• WHAT TO PRODUCE:
The pictures must be left out, while the rest of the data is copied exactly.

• INPUT DATA:
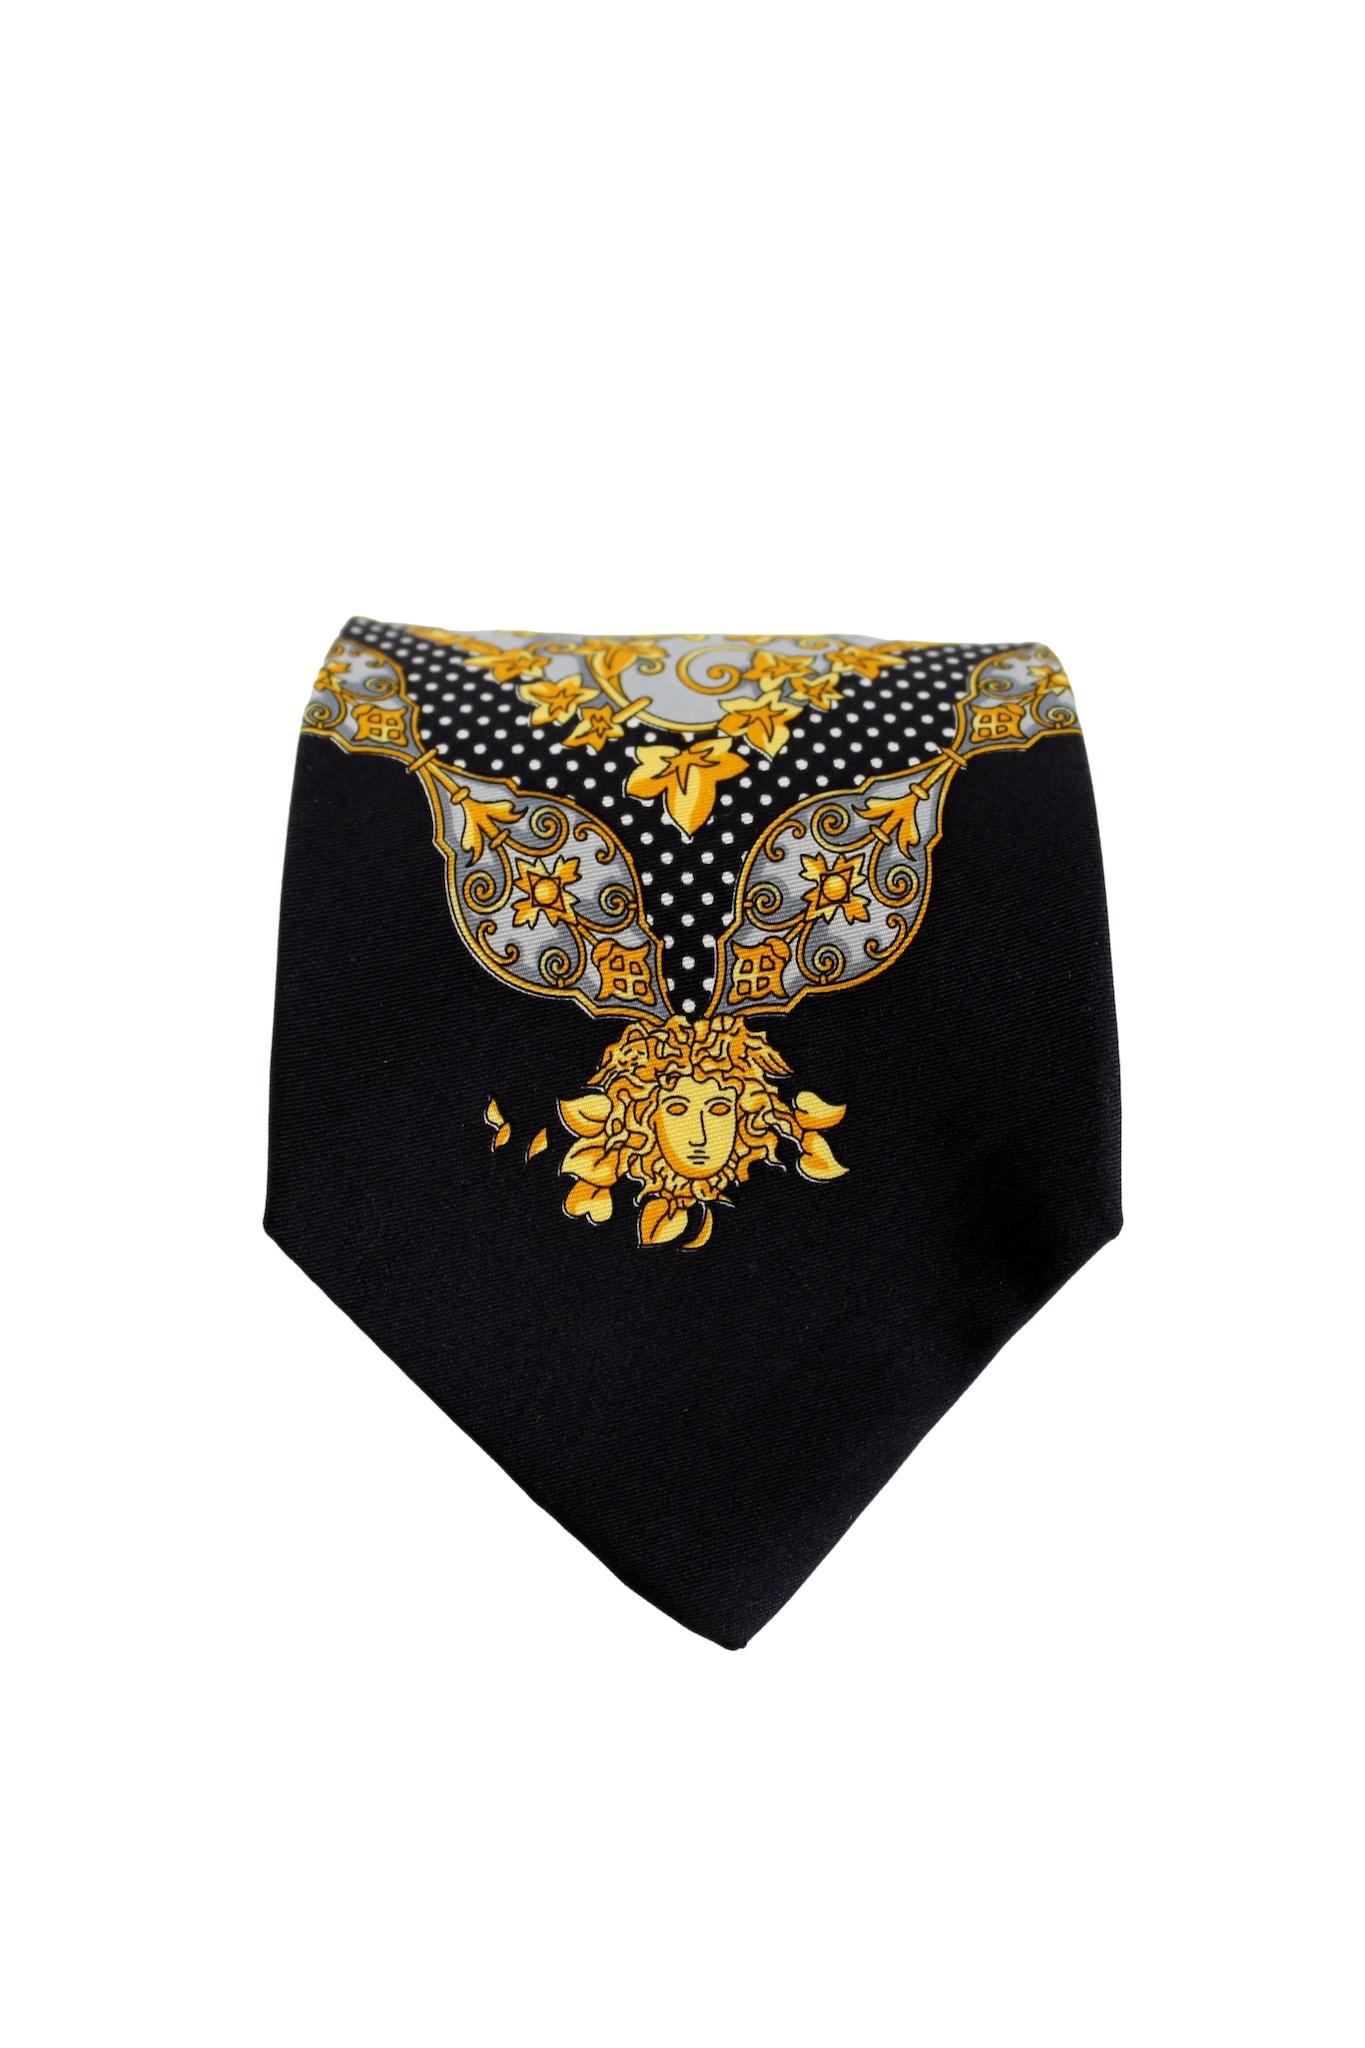 Gianni Versace vintage 80s medusa baroque style silk tie. Black, gray and gold color with floral and polka dot designs. Made in Italy.

Length: 150 cm
Width: 10 cm

• ANSWER TO THIS PROBLEM:
 Gianni Versace vintage 80s medusa baroque style silk tie. Black, gray and gold color with floral and polka dot designs. Made in Italy.

Length: 150 cm
Width: 10 cm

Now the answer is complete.